Patients who are severely affected may need special attention directed to airway protection. Tracheostomy may be needed during infancy if stridor impairs breathing function^[11]. Feeding tube placement may be needed if oral feeding is inadequate to maintain weight or sustain normal growth, or if oral feeding creates a risk of choking or aspiration^[11].

Communication therapy, including training in use of communication devices, is often valuable^[11]. A developmental specialist should be consulted to optimize the child’s educational program and to maximize functional and learning capabilities^[11].

Consultation with a geneticist and genetic counselor is essential for parents of an affected child to educate them about the disease and the risks to future offspring^[11].

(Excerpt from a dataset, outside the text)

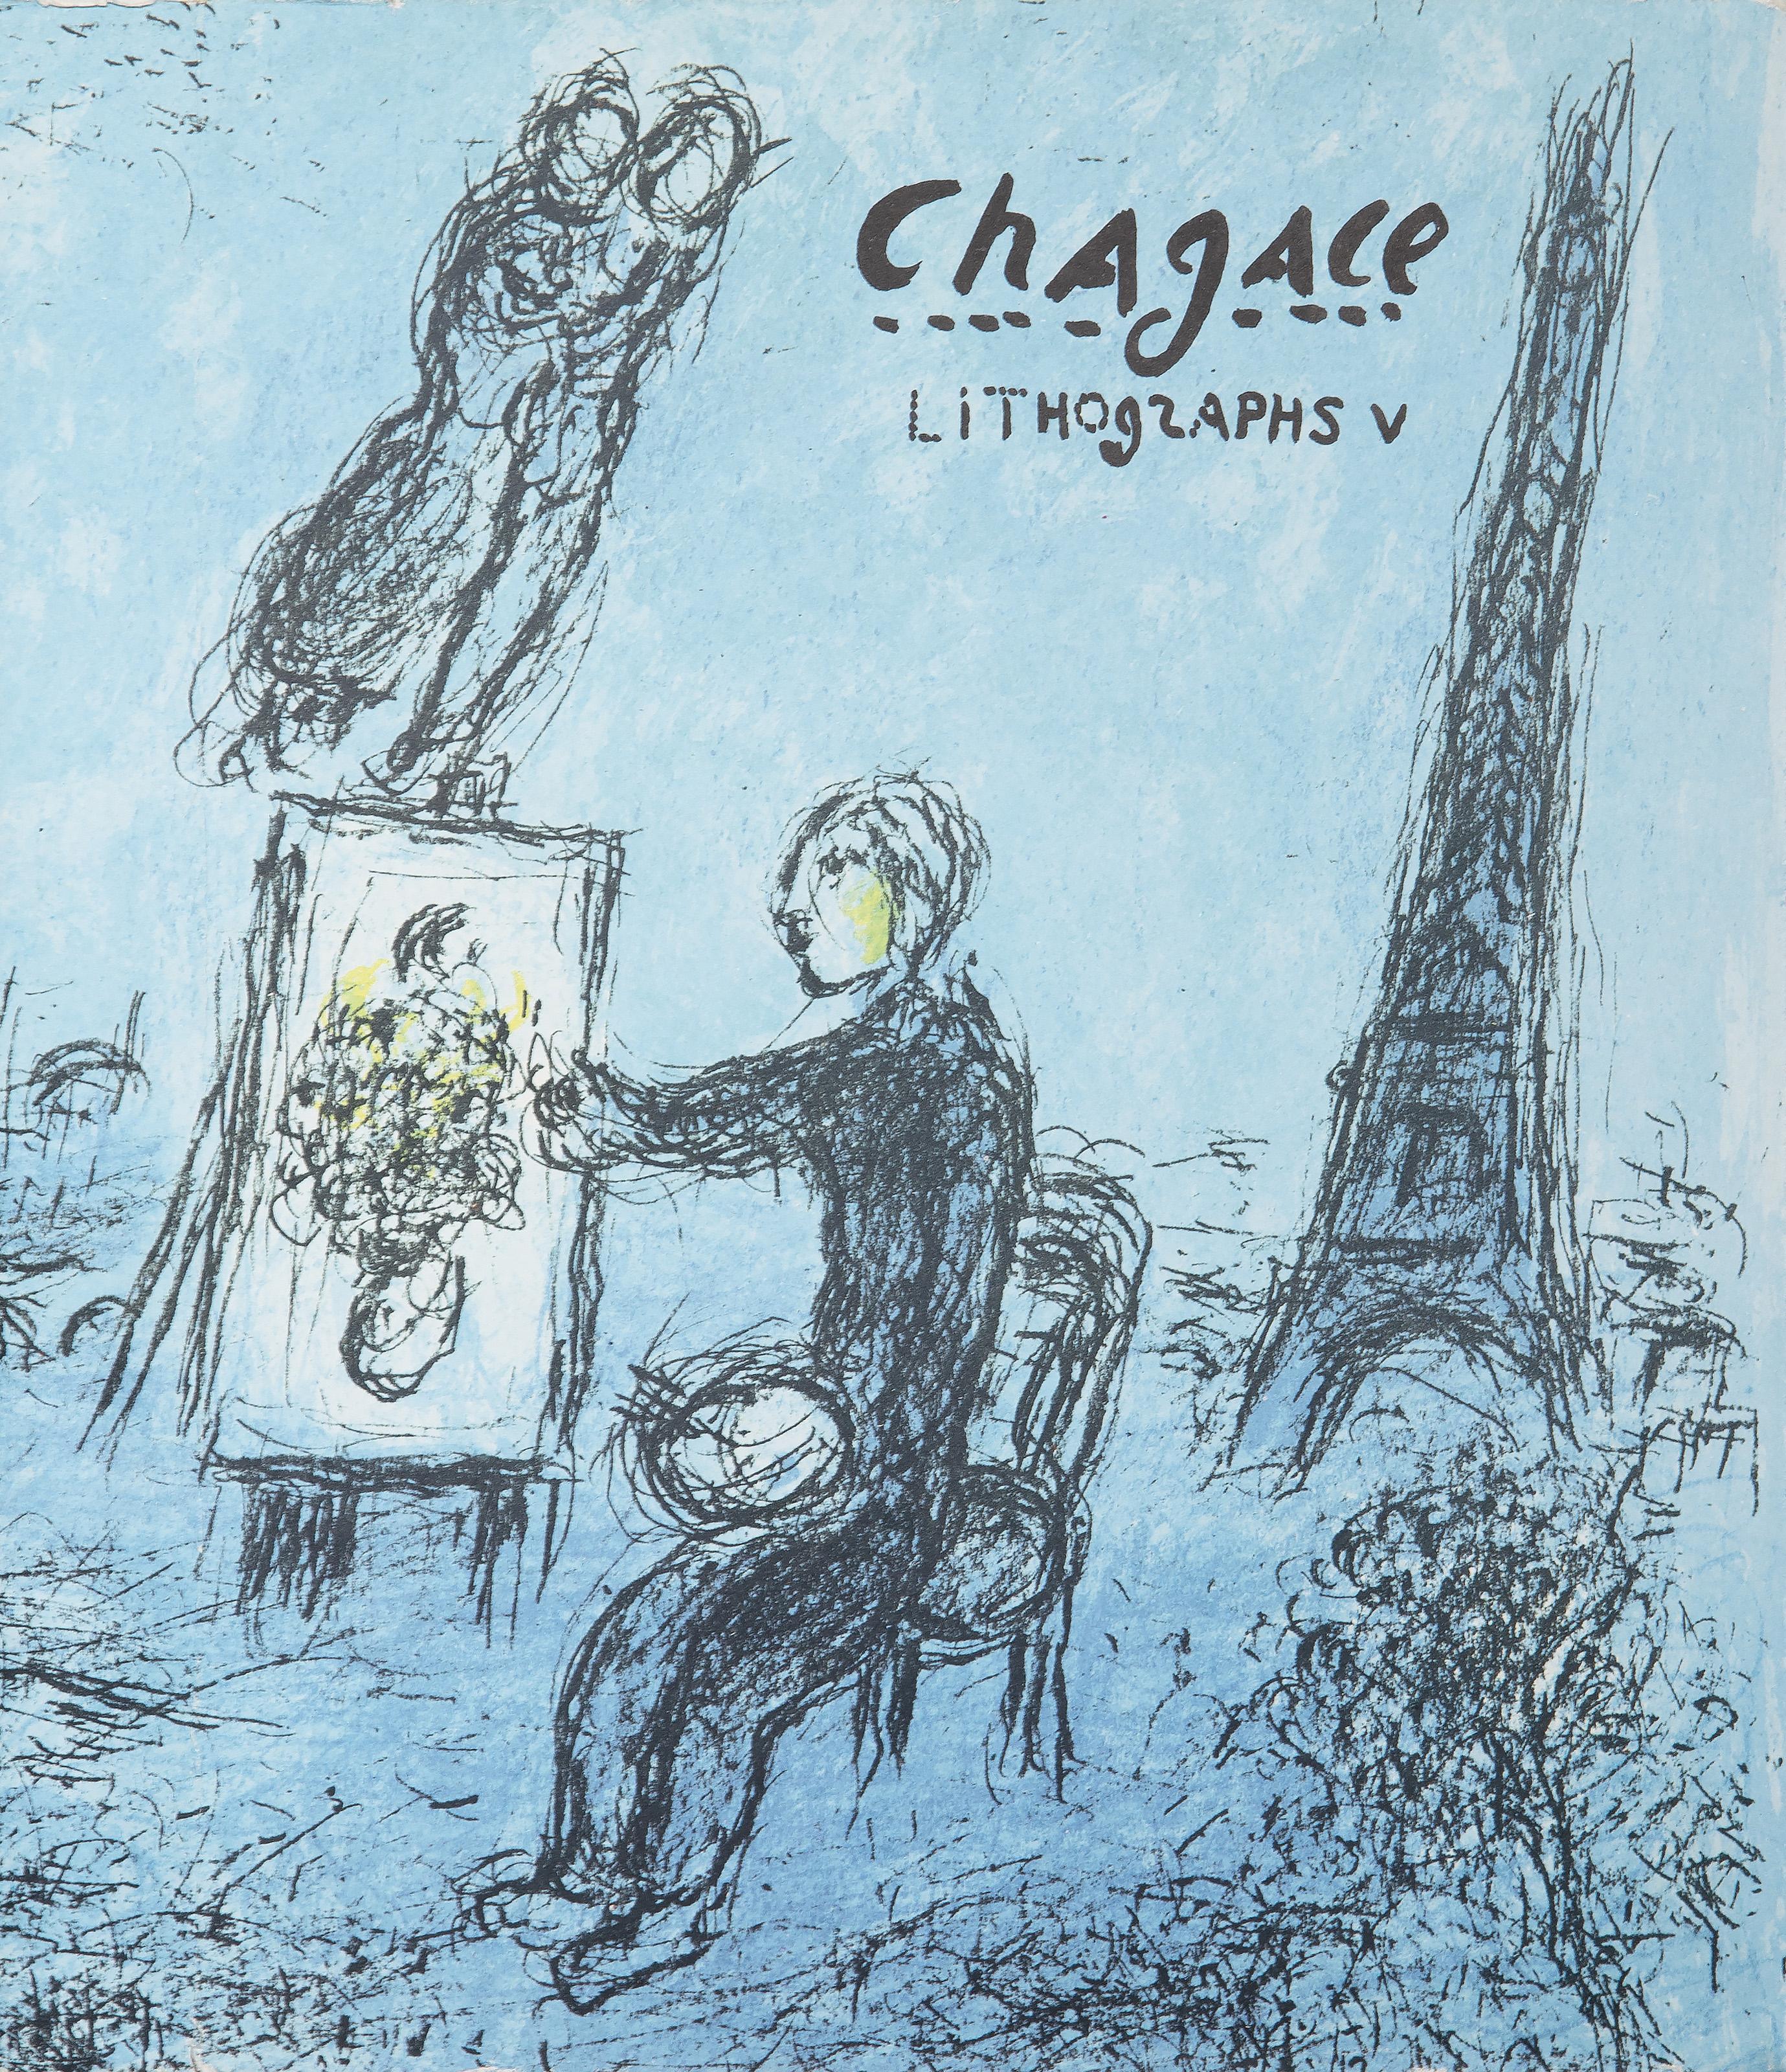 Marc Chagall, Russian (1887 - 1985) -  Lithographs V (Cover). Year: 1984, Medium: Lithograph, Size: 13 x 11 in. (33.02 x 27.94 cm), Printer: Mourlot, Paris, Publisher: Crown Publishers Inc., New York 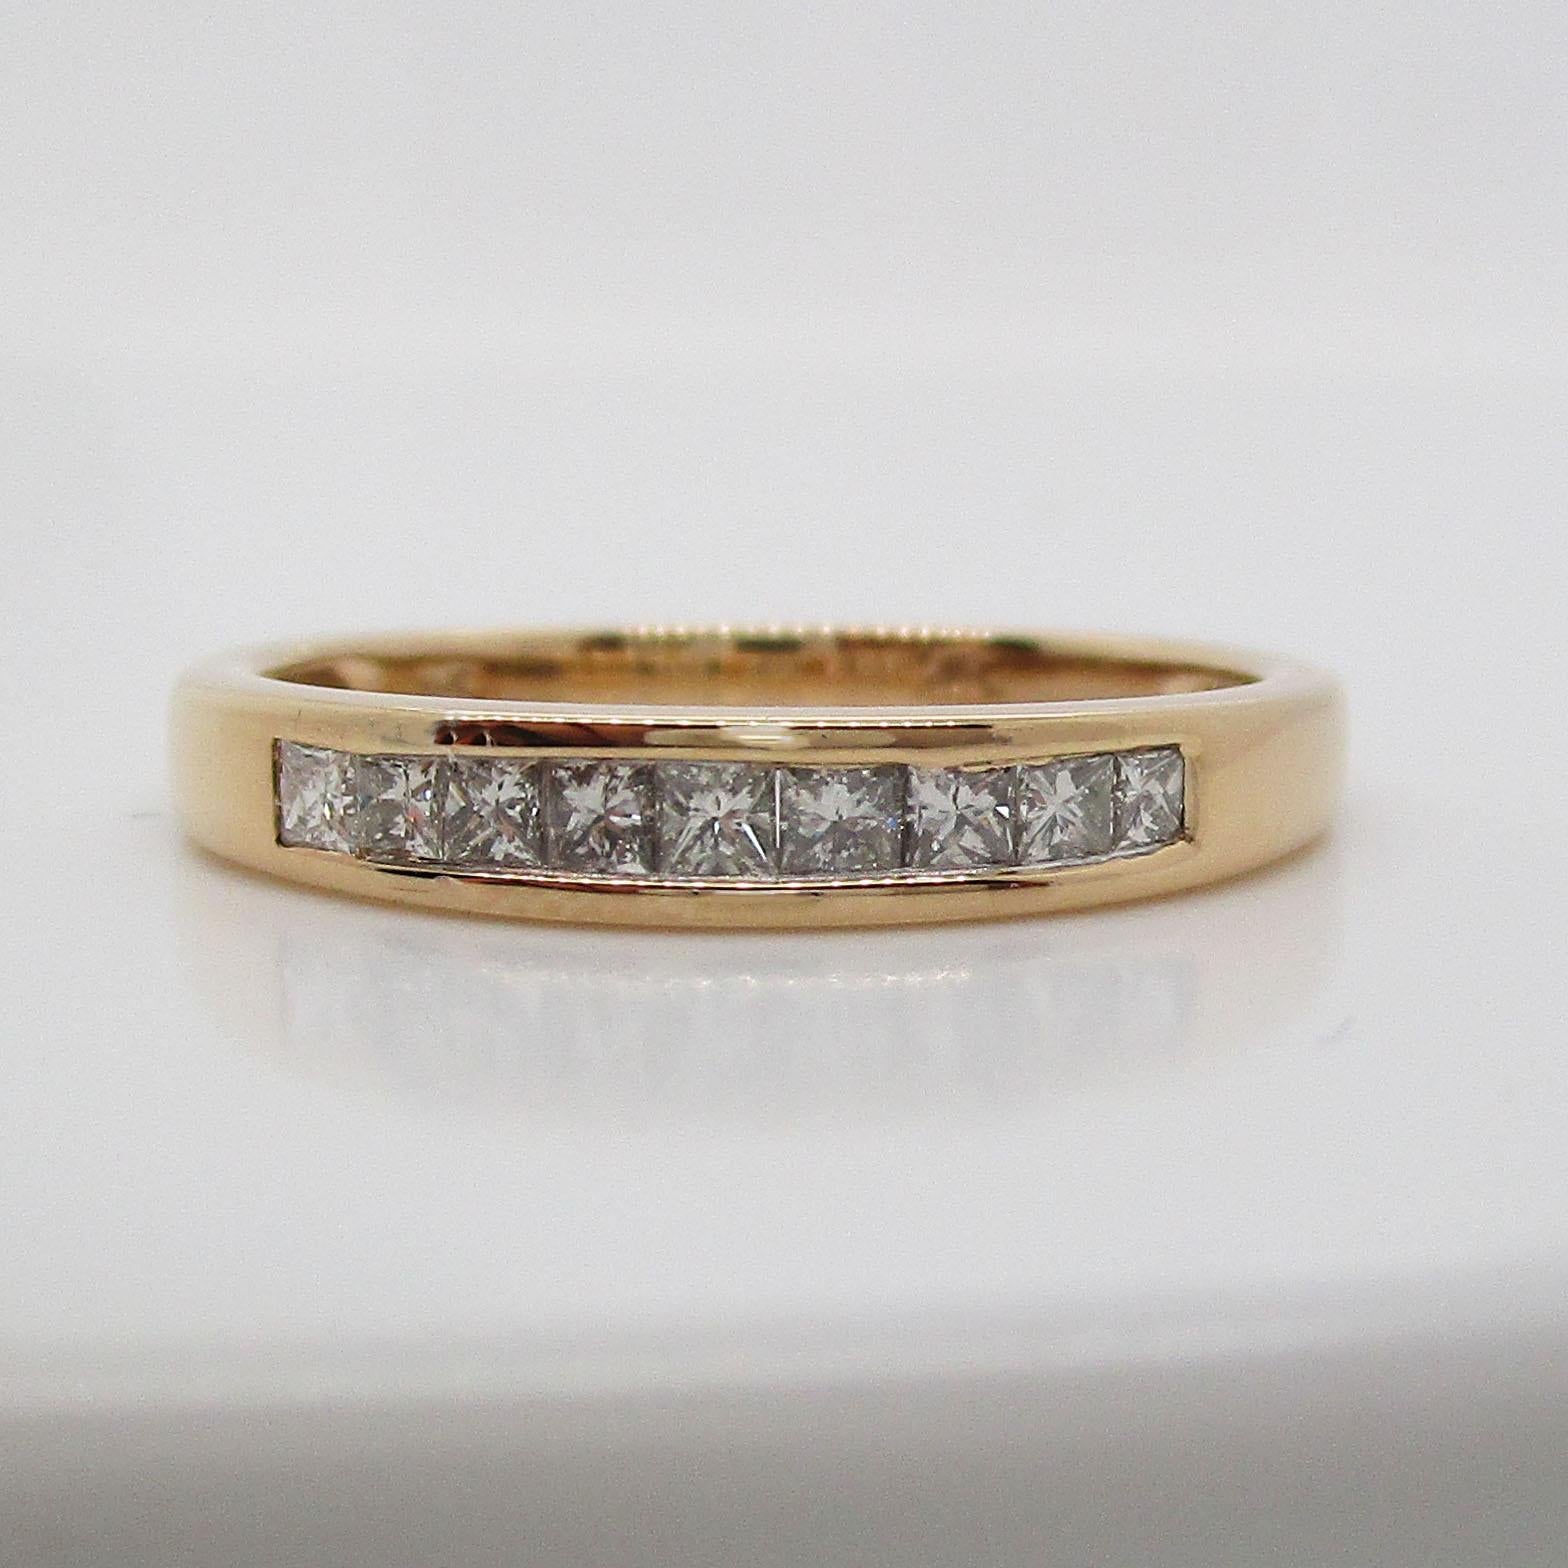 This is a beautiful contemporary wedding band in bright 14k yellow gold with a stunning array of channel set princess cut diamonds! The band is in mint condition! The warmth of the 14k yellow gold is the perfect backdrop for the brilliance of the

Outlook and Life Expectancy

The outlook for those with Pelizaeus-Merzbacher disease varies widely depending on the type and severity. Pelizaeus-Merzbacher disease is progressive, meaning the symptoms worsen over time^[2].

The prognosis for those with the severe forms of Pelizaeus-Merzbacher disease is poor, with progressive deterioration until death^[5]. Severe Pelizaeus-Merzbacher disease, particularly the connatal form, is often fatal during the first decade of life, typically due to respiratory complications^[8].

On the other end of the disease spectrum, individuals with the mild form, in which leg stiffness and weakness is the chief symptom, may have nearly normal activity and life span^[5].